Network operators have virtualized many control plane network functions but they face technical limitations and cost disincentives when they migrate data plane functions to general-purpose network function virtualization infrastructures (NFVI) that are based on x86 platforms. Many acceleration technologies are available to address these challenges, from software-centric acceleration approaches to hardware-centric solutions. These can be used to offload compute-intensive virtual network function (VNF) workloads and reclaim virtualization overhead. For some use cases, such as AI/ML and video processing, graphics processing units (GPUs) and vision processing units (VPUs) can provide significant performance enhancements. However, operators are confused about the benefits of, and the dependencies between, each approach, as well as when to use each to support specific network functions and use cases.

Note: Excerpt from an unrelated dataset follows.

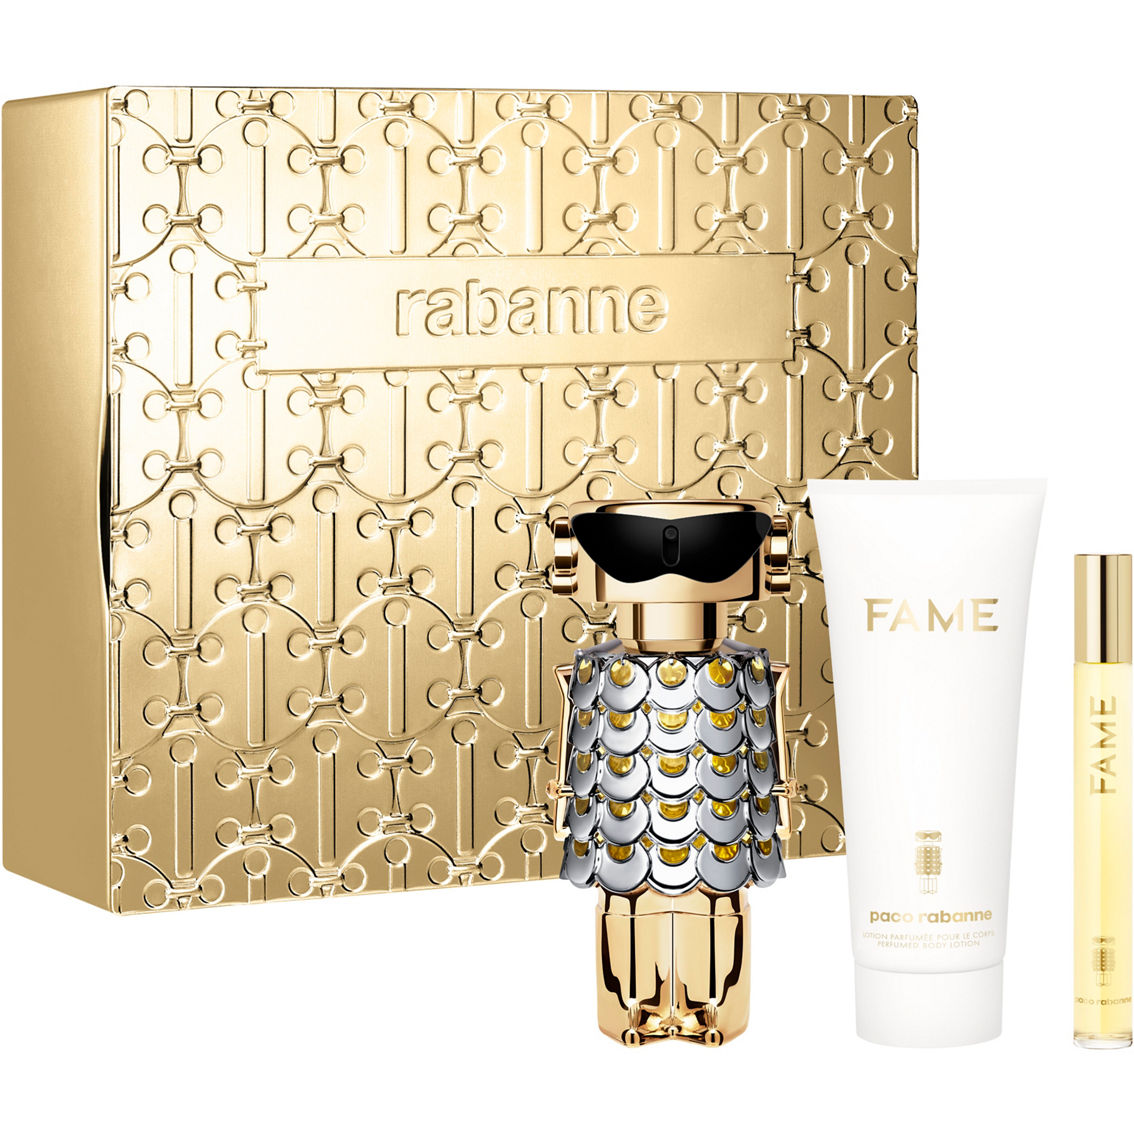 Rabanne Fame Eau De Parfum 3 Pc. Set | Gift Sets | Beauty & Health ...

This white paper aims to improve operators’ understanding and awareness of acceleration technologies in order to maximise the performance and efficiency of their NFV/SDN, 5G and AI/ML applications. The paper outlines the key drivers for acceleration technologies and identifies the main use cases and functions that require acceleration. It introduces a range of software-centric and hardware-centric acceleration technologies, analyses their advantages and challenges, as well as their suitability for different VNF and NFVI use cases. It also presents performance results for accelerating virtualized security functions. Finally, it discusses the need for an acceleration technology abstraction layer and a uniform management framework to simplify and automate the operations of heterogenous acceleration resources with an ‘as-a-service’ model. It highlights industry initiatives such as OpenStack Cyborg and OPNFV DPACC, which aim to help operators achieve these goals.